По прошествии же некоторого времени родителей Альмодис позвали срочные дела,
Альмодис покинула Никосию и вместе с родителями устремилась к морю, но, проводив глазами их паруса, осталась на берегу, в тихой, уютной Фамагусте. И, выплакав на этом берегу слёзы расставания с родителями, Альмодис стала как никогда спокойной. И отныне всякое время тёплая волна поднимала её над землёй, а счастье, ставшее главной частью её жизни, и радость, что была теперь всегда с нею, не позволяи грусти задержаться на сколько-нибудь продолжительный срок.
Простившись с родителями, принцесса вновь поручила себя тому, кто уже через какие-то месяцы, когда будут закончены все приготовления, станет её мужем и господином. Он сам прибыл в Фамагусту, чтобы соединиться со своей оручённой спутницей.
Стояло раннее лето. Средиземное море дарило ту необыкновенную пору, когда прогулка по его побережью была похожа на нежный поцелуй ребенка, проснувшегося недавно и тихо улыбающегося.
Эмерик и Альмодис шли по самой кромке воды, и в морской дымке они будто видели свою грядущую жизнь, слышали тихое поскрипывание карет, останавливающихся у парадных дверей их нового замка, замечали радостных гостей, выходящих из них, а тысячи свечей гирляндами и рядами освещали радостные вечера. И даже снег, коль он кружился в легких фантазиях, был приметой счастья и новизны ощущений.
Эмерик и Альмодис говорили, тихо перебирая радостные страницы будущих дней. Но вдруг к берегу прибилось судёнышко: оно было непривычным для кипрских мест. В нём оказался человек, одетый как сарацин, и взгляд его был чрезвычайно странным. А человек тот втащил свою посудину на пологий берег и резкими рывками устремился в сторону влюблённой пары.
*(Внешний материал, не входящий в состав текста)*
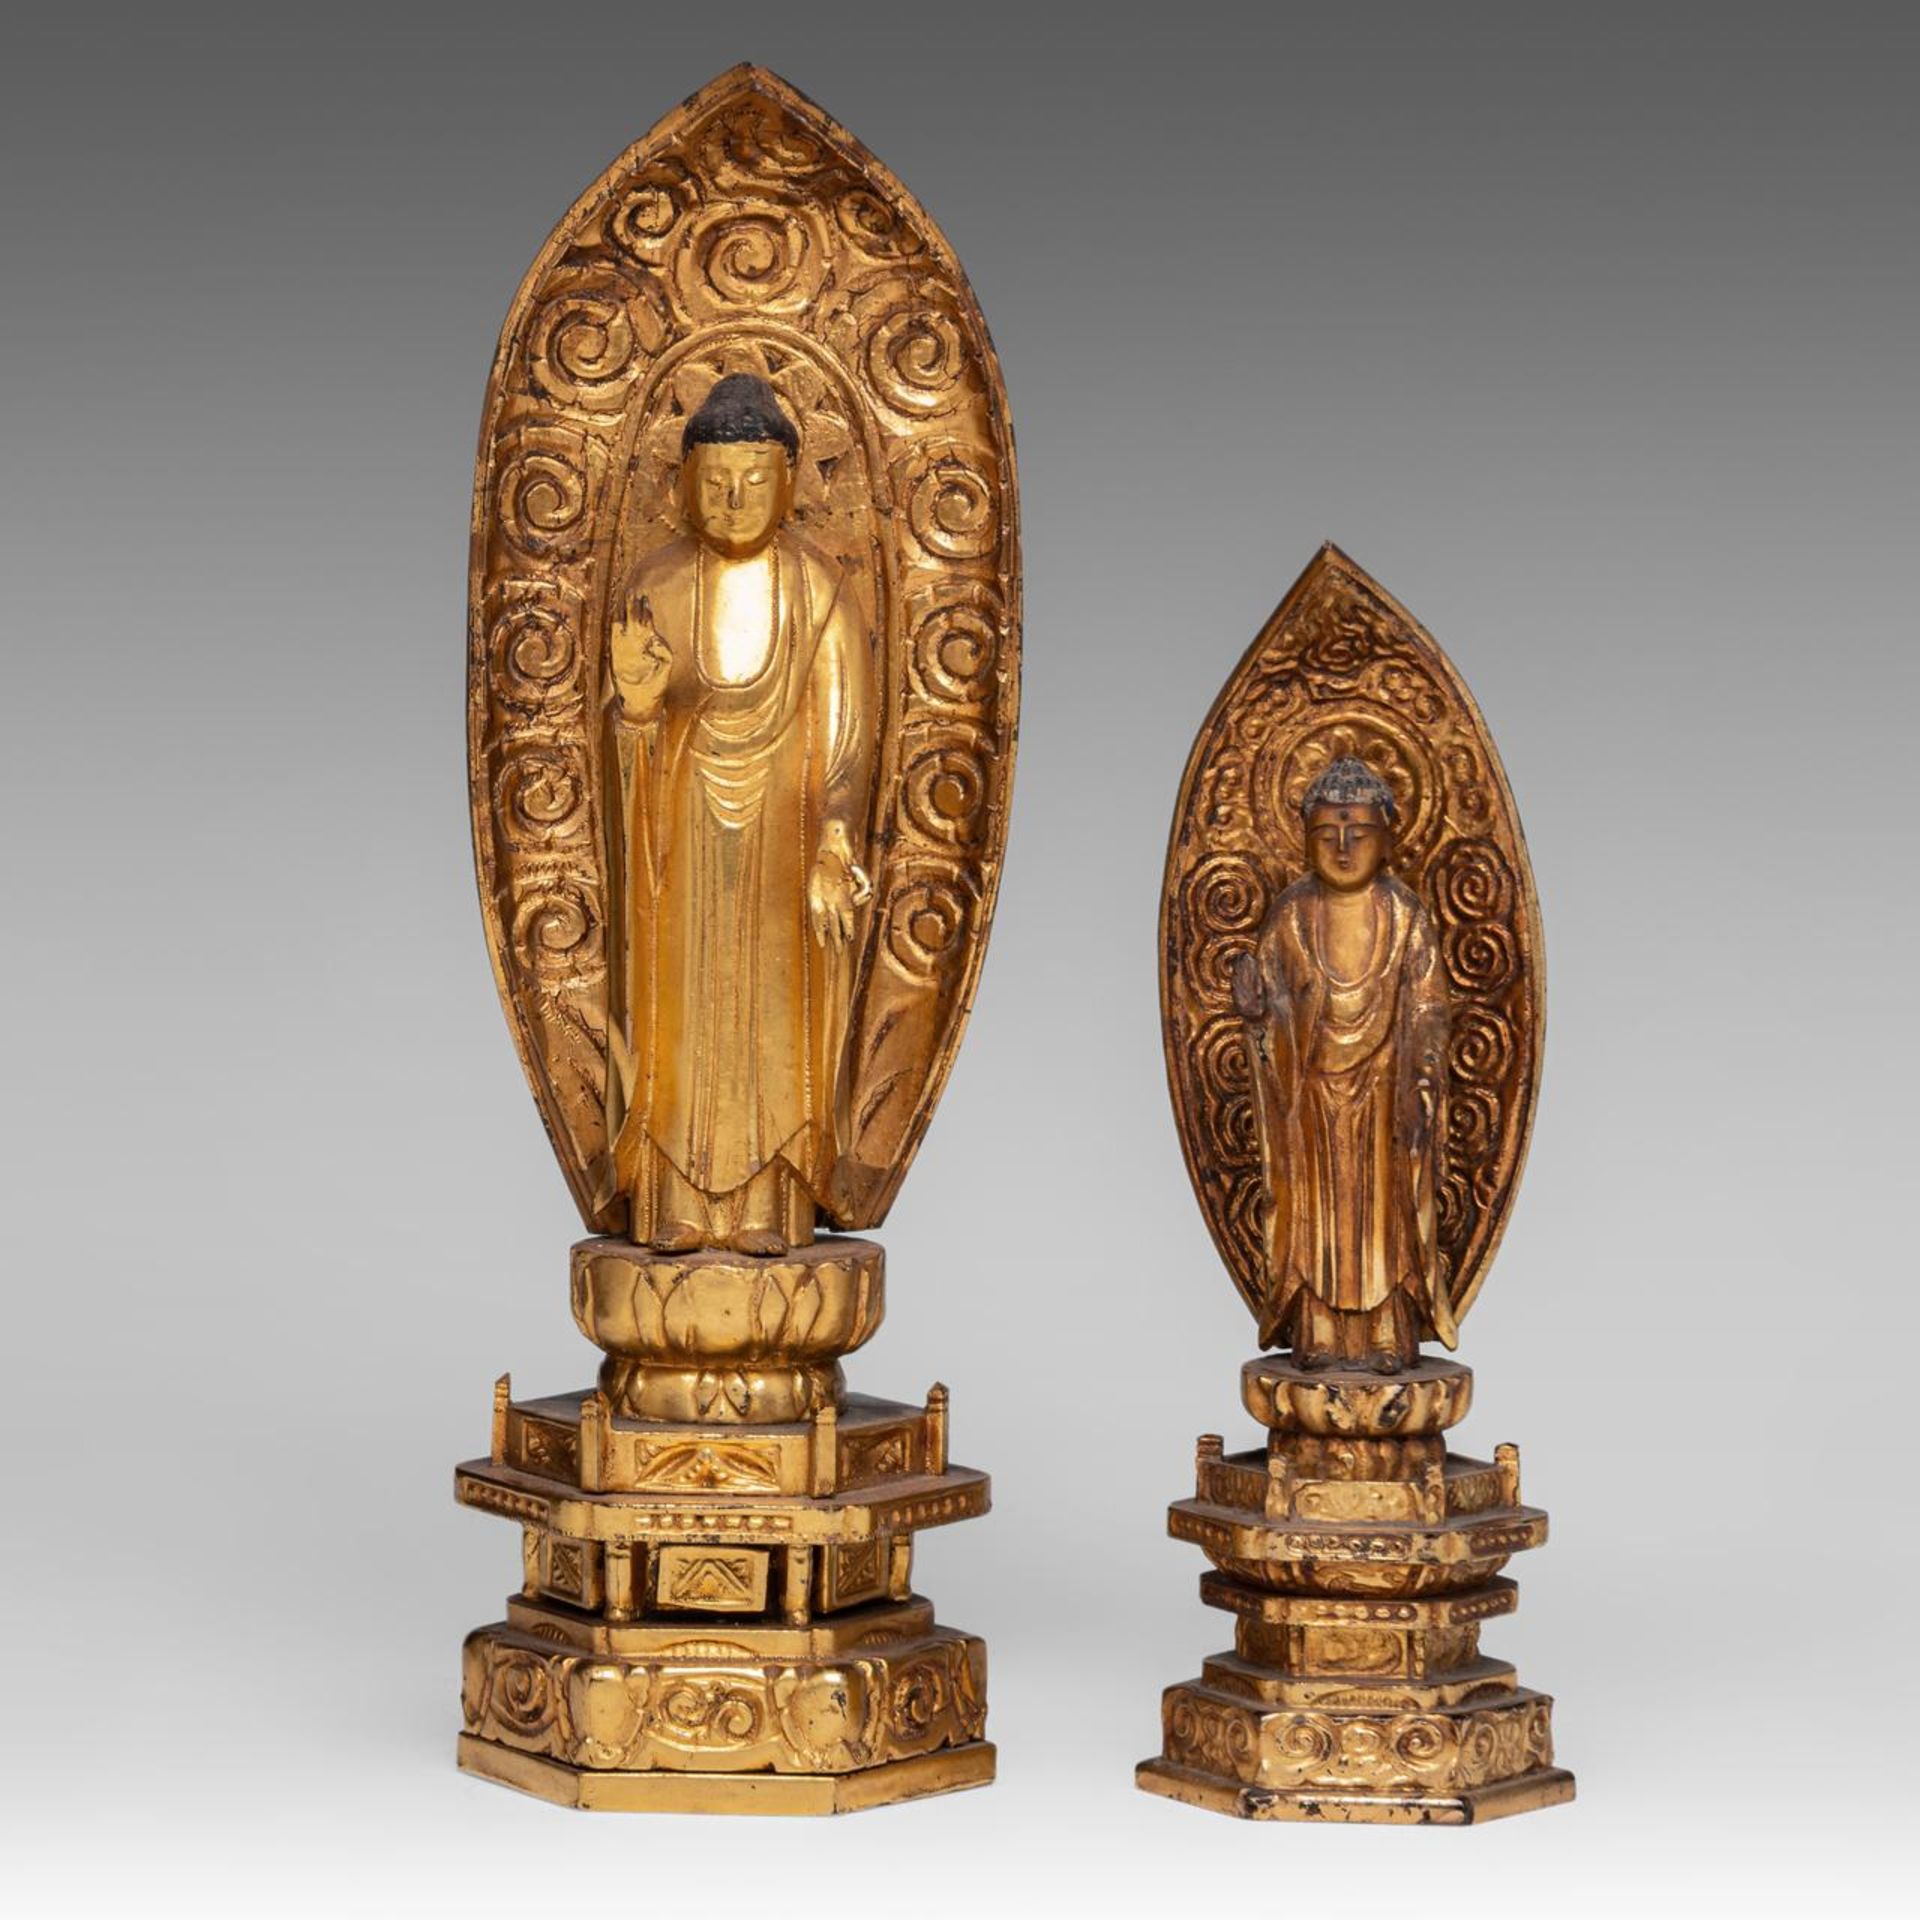 Two Japanese gilt lacquered figures of standing Buddha, late 19thC/ 20thC, H 24,5 - 33 cm
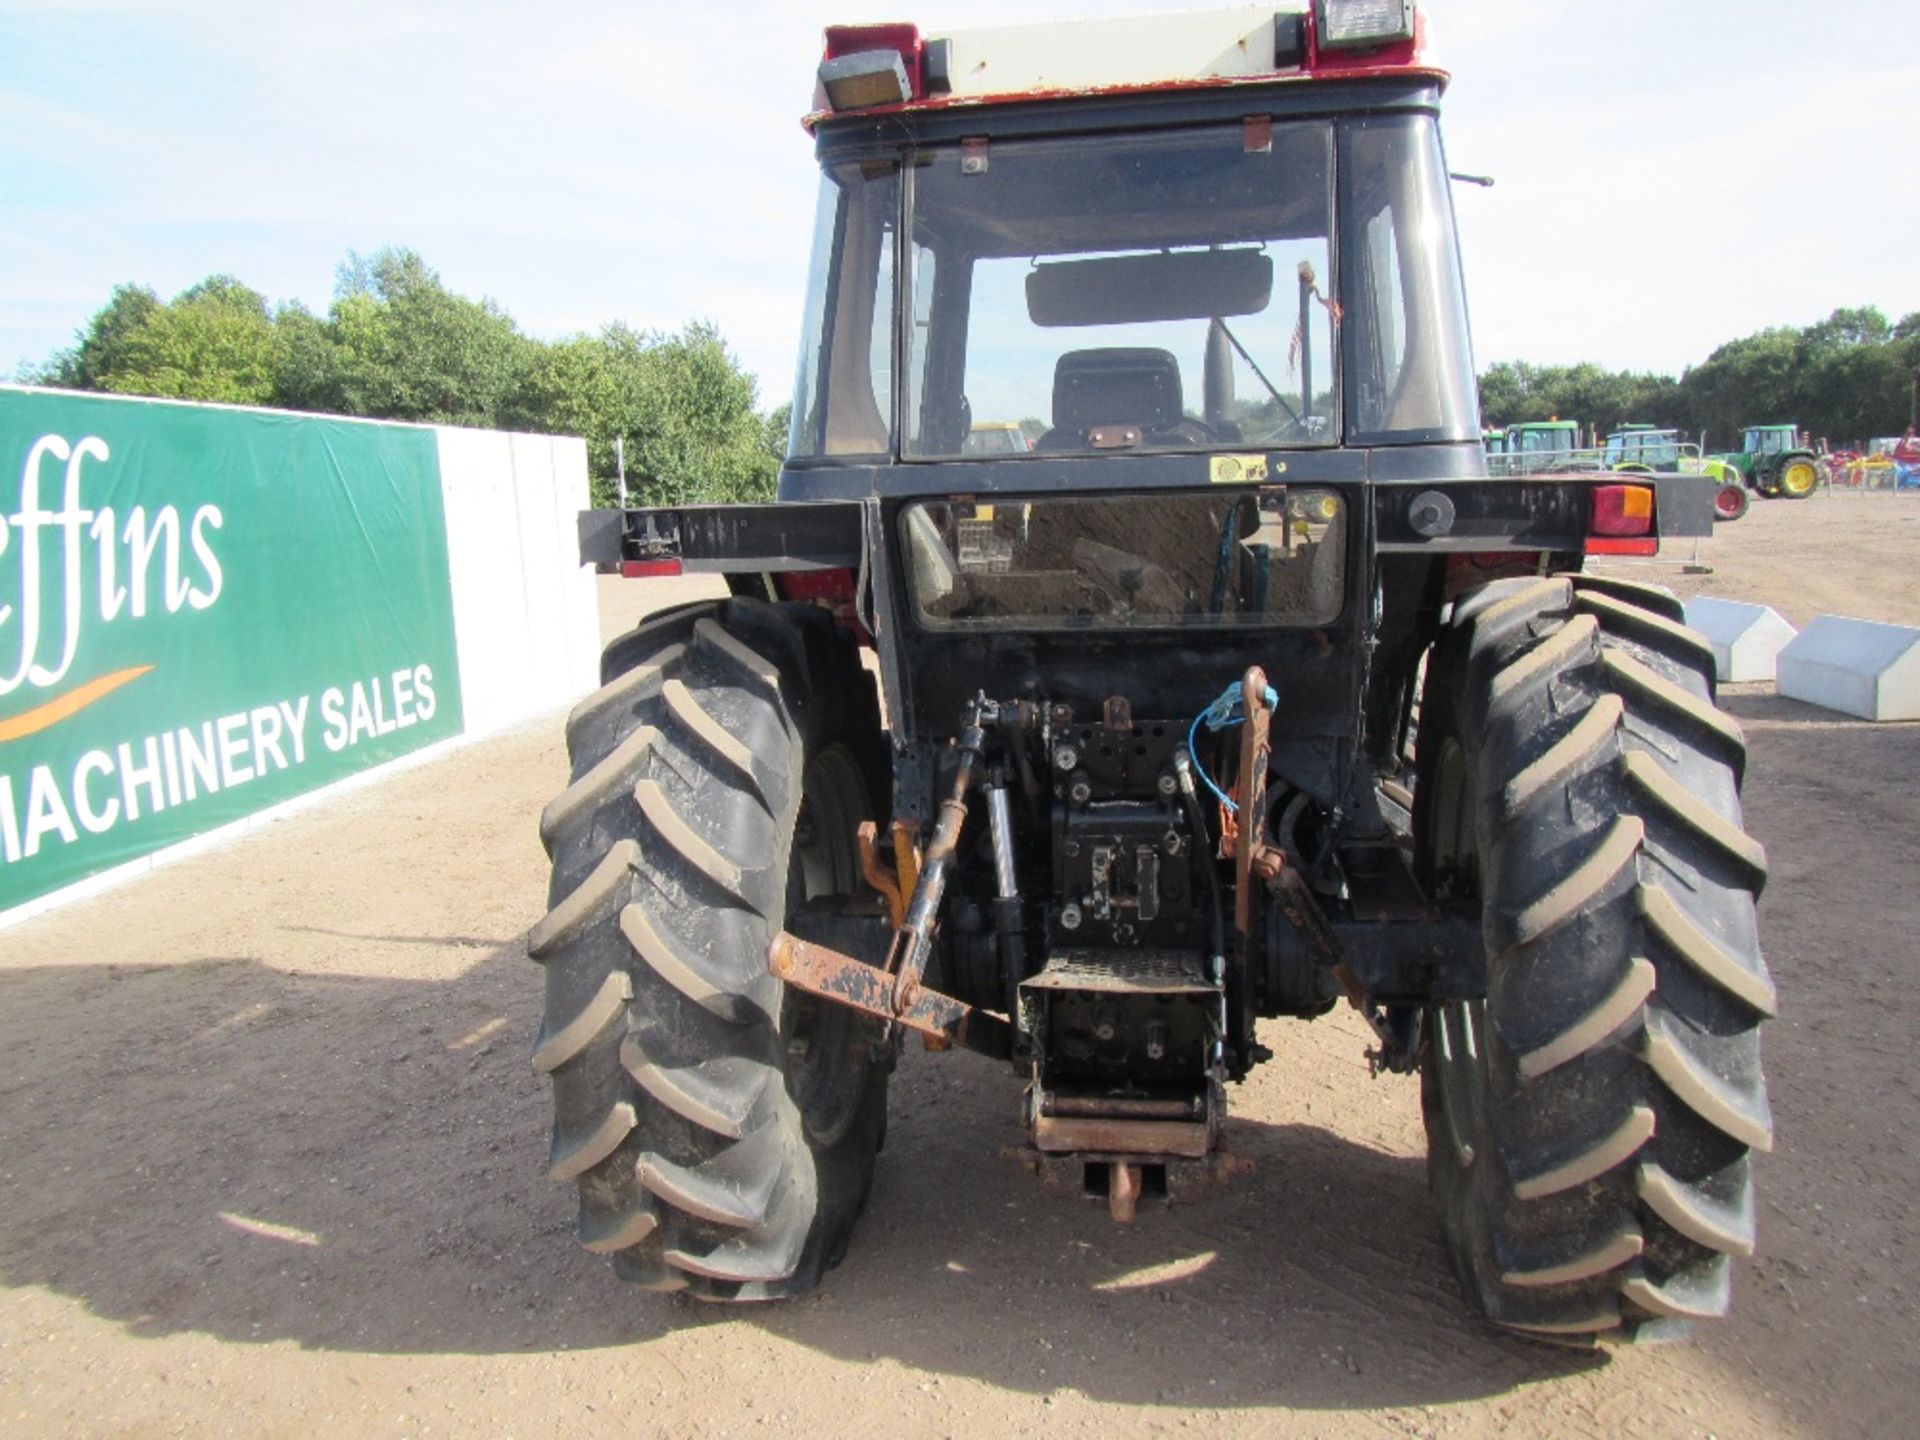 1992 Case International 844XL 4wd Tractor Reg. No. K394 PPV - Image 7 of 15

– Ты Эмерик, объявивший себя властителем Антиохийского престола? – безбожно коверкая французские слова, проговорил сарацин.
– Кто ты, незнакомец? И отчего ты обращаешься ко мне? – не теряя монаршего достоинства, но намереваясь осадить дерзкого незнакомца, проговорил Эмерик.
– Ты князь Антиохийский? – в другой раз повторил сарацин, выговаривая слова более четко.
– Я Эмерик Первый, – ответил юноша гордо.
В следующий миг сарцин вытащил из-за пазухи острый кинжал, и Альмодис не успела и вскрикнуть, как клинок был уже в самом сердце её жениха. Сарацин же, будто маниак, не остановился на этом, а нанёс ещё несколько ударов. После чего вдруг успокоился и, неторопливо вонзив остриё окровавленного оружия по самую рукоятку в сырой песок побережья, очистил его от крови. Лишь после этого ретировался.
Альмодис, придя в себя, бросилась было за ним. Но его след простыл почти мгновенно, а очертание скрылось в дымке седого Средиземного моря.
Альмодис будто лишилась души. Воля её оказалась парализована. Всё происходило как во сне! Поначалу она и впрямь думала, что это сон. Альмодис отказывалась верить своим глазам, но, проведя рукой по остывающей груди Эмерика, она почувствовала струящийся ужас уходящей в песок крови. Альмодис всем существом ощутила, как жизнь покидает её юного князя.
Когда
Альмодис опомнилась, она принялась звать на помощь. Она хотела было бежать в город за лекарями, она даже пыталась тащить куда-то тело Эмерика по песку. Но, поняв бесполезность этих затей, она увидала лишь один результат их: всё платье было в крови, на руках была кровь, и даже пшеничные волосы сделались красным от крови.Присутсвие духа вдруг оставило её, а горячие волны тяжкой истерики поглотили её павшее существо. Она уже не помнила, как оказалась в замке.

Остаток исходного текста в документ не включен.